4 Future developments
4.1 Getting OWL into the mainstream
We are highly dependent on OWL as part of the ontology development cycle in GO. Axiomatization using equivalence and disjointness axioms are crucial for automating classification and quality control. However, OWL axioms currently play less of a role once the ontology is deployed and used. There are large numbers of highly sophisticated analysis tools that incorporate the GO - most of these just treat the ontology as a simple DAG (in fact a considerable number of tools drop even this limited axiomatization, and just use the GO as a flat list of terms). We believe there is a missed opportunity here. Some of this may be in part due to the high barrier of entry for using OWL (e.g. lack of native API in languages frequently used by bioinformaticians, such as Python). This may also represent an research opportunity for algorithms that combine the types of statistical and probabilistic reasoning common in biology with powerful deductive reasoning offered by description logics.
4.2 Rise of the ABox
Most of the detailed axiomatization in the GO represents the low hanging fruit, such as equivalence axioms for compositional concepts. Other aspects of biology are more resistant to axiomatization - for example, multi-step pathways or complex cellular processes such as apoptosis. The tree-model property of TBoxes makes it impossible to faithfully encode multiply connected mechanistic processes. The existence of high degrees of variability and exceptions across different species presents challenges for a monotonic logical encoding.

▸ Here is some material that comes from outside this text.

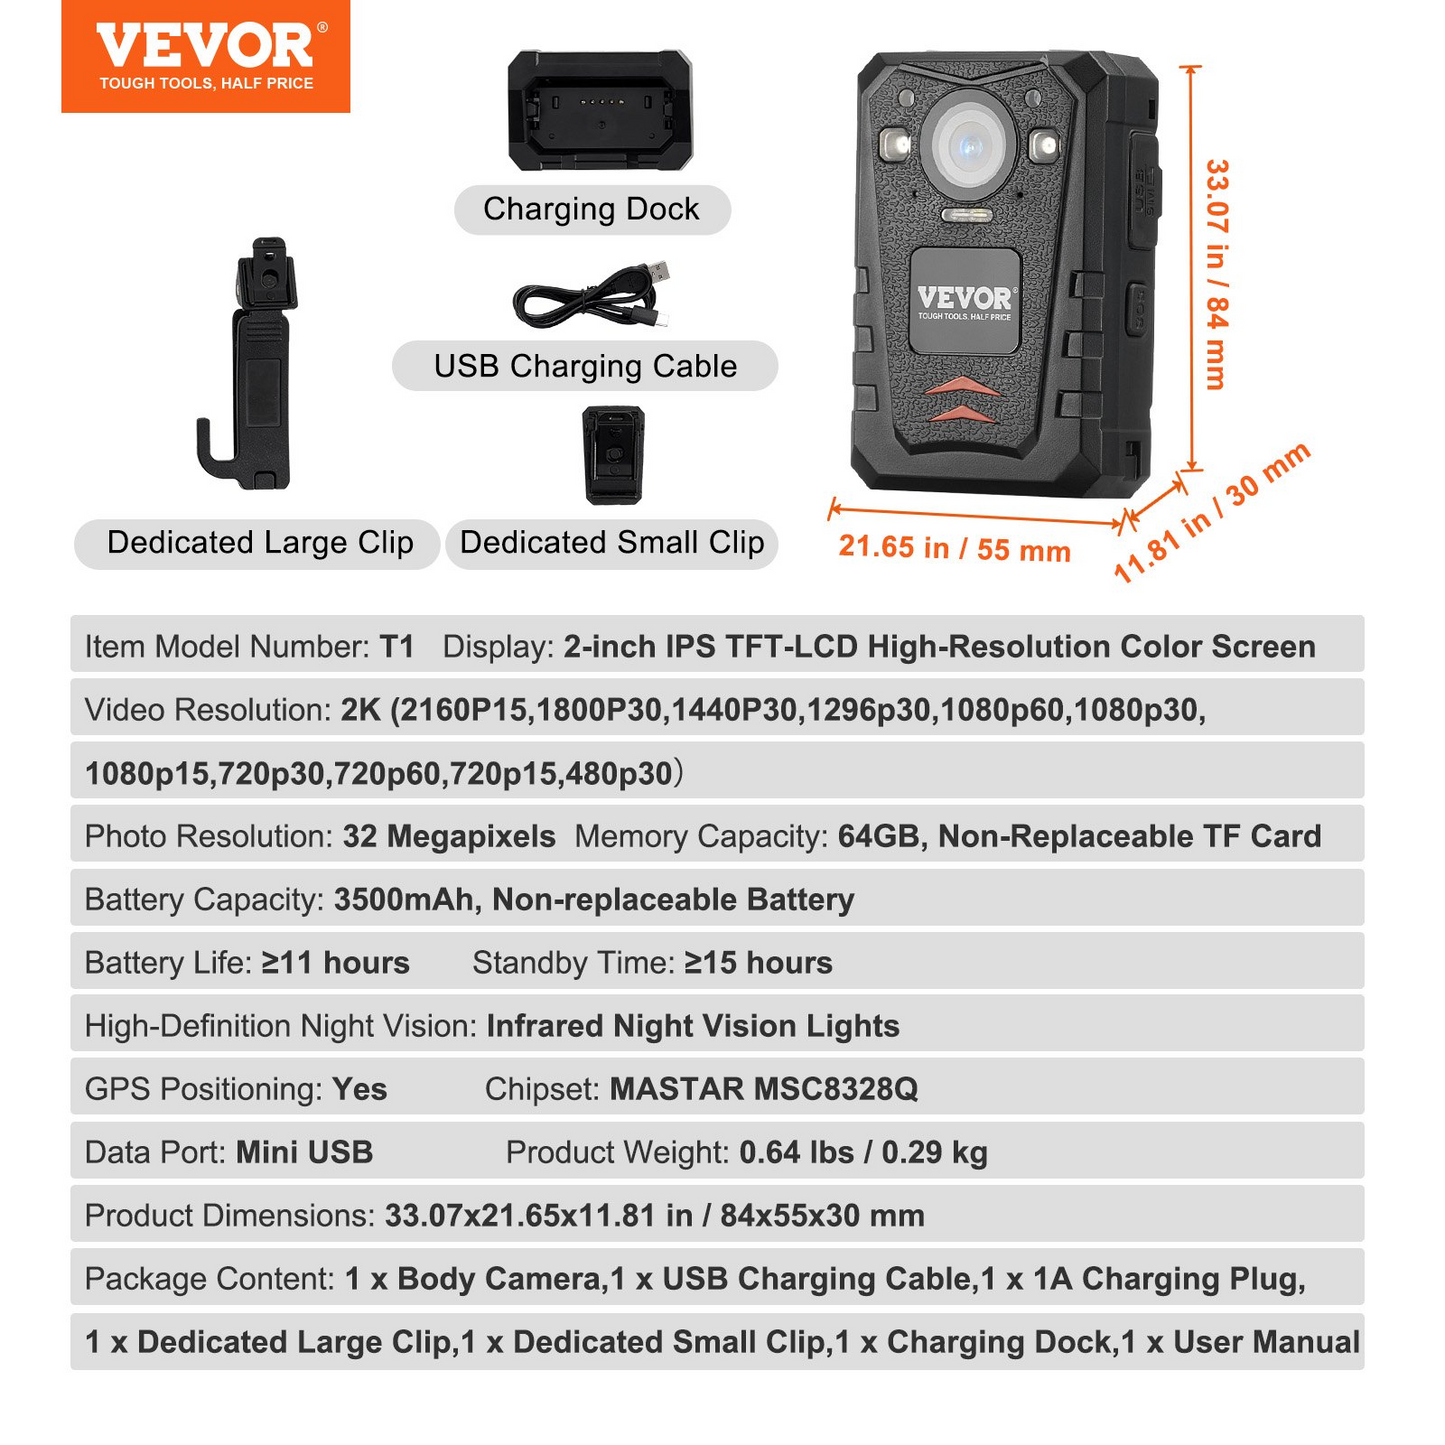 VEVOR 1440P HD Police Body Camera, 64GB Body Cam with Audio Video Recording Picture, Built-in 3500 mAh Battery, 2.0" LCD, Infrared Night Vision, Waterproof GPS Personal Body Cam for Law Enforcement, Goodies N Stuff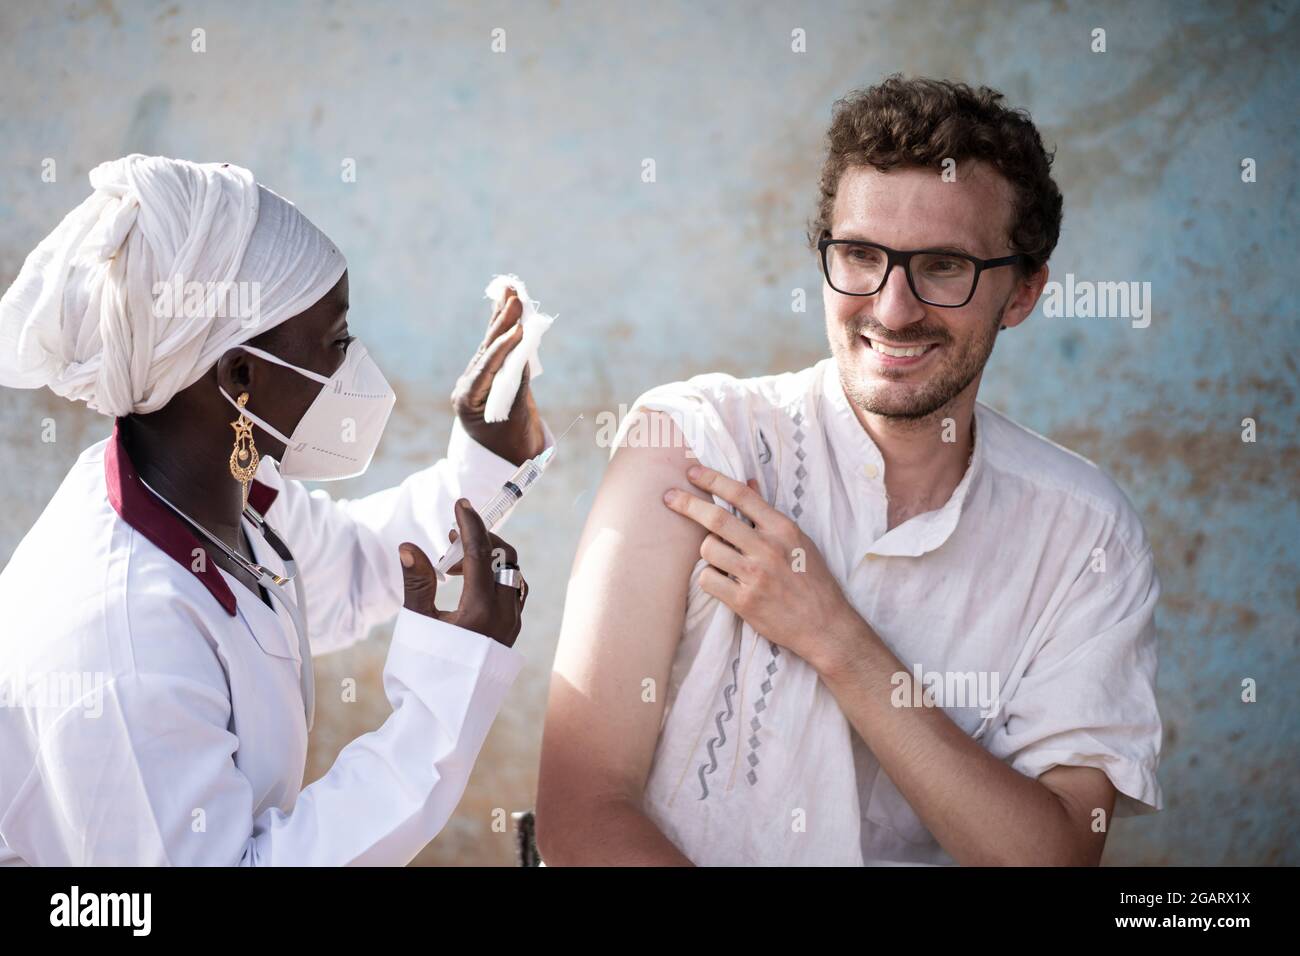 IN this image, a black nurse wearing a protective mask, with syringe and gauge in her hands is preparing to inject a booster dose of vaccine in the ar Stock Photo

One approach we are exploring here is to utilize the ABox to represent “prototypical” biological processes. We have developed a web-based graphical ABox editor called Noctua12 for exploration of this paradigm. Whilst the use of an ABox to represent knowledge lessens the power of our model for deductive inferences, it represents an opportunity for exploration of other models of inference that may be more appropriate for biological systems.
5 Conclusions
The OWL language and tools have benefited the GO tremendously, particularly the ontology development cycle and the validation of data about genes. At this time, GO primarily uses a subset of OWL that is supported by Elk, providing us the benefits of fast reasoning. In general, like many biological ontologies, the GO is not in need of esoteric extensions to OWL, but would benefit substantially from the creation of new tools and the hardening of existing tools, particularly related to release management.